Unlike the 70B distilled version of the model, also available on SambaNova Cloud, DeepSeek-R1 generates more tokens before formulating an output. This extended reasoning process results in more accurate and nuanced responses. The model has even demonstrated an ability to optimise its own computational efficiency, an achievement that highlights its advanced capabilities.
SambaNova operates its RDU-powered cloud services from data centres in the United States. For organisations prioritising data privacy, the company offers on-premise deployment options, contrasting with DeepSeek’s own cloud service, which runs on GPUs and lacks similar security controls.

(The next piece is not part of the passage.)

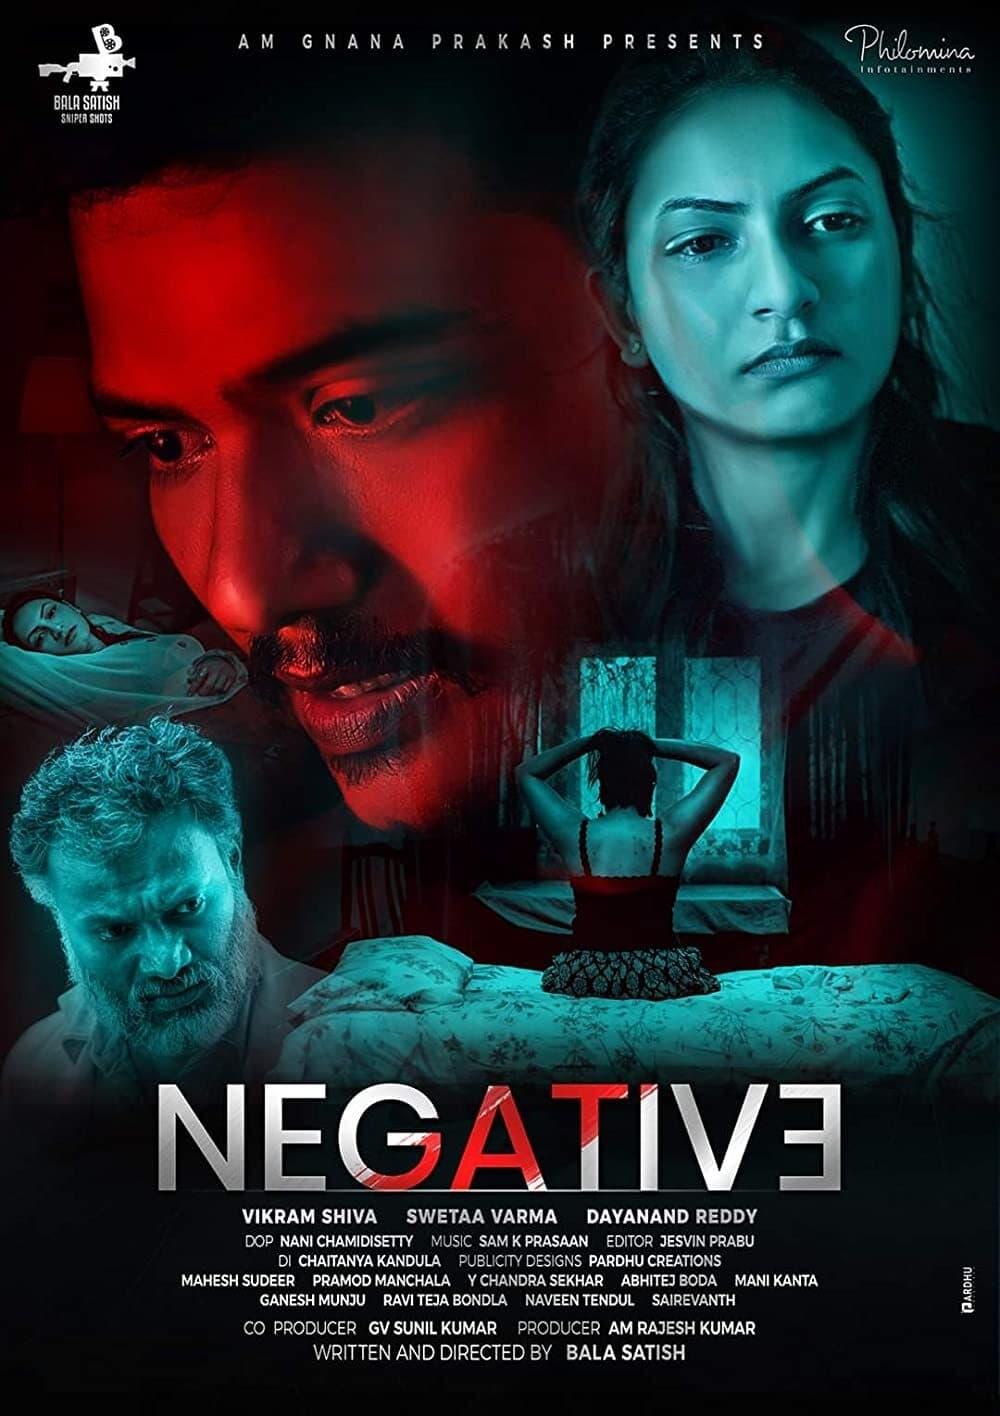 Negative poster

Addressing the AI Compute Challenge
The demand for DeepSeek-R1 continues to grow, but running such a complex model has proven challenging due to GPU inefficiencies. DeepSeek was forced to disable its own inference API service, citing constraints in compute capacity.
SambaNova’s RDU technology has been designed to handle large-scale MoE models efficiently. The SN40L RDU features a three-tier memory architecture that enables DeepSeek-R1 to be deployed using just one rack, compared to the 40 racks of 320 GPUs previously required for inference.
With this enhanced efficiency, SambaNova aims to provide 100 times the global inference capacity for DeepSeek-R1 by the end of the year. The company’s RDU chips are emerging as a leading inference platform for complex reasoning models, offering a scalable and cost-effective alternative to traditional GPU-based systems.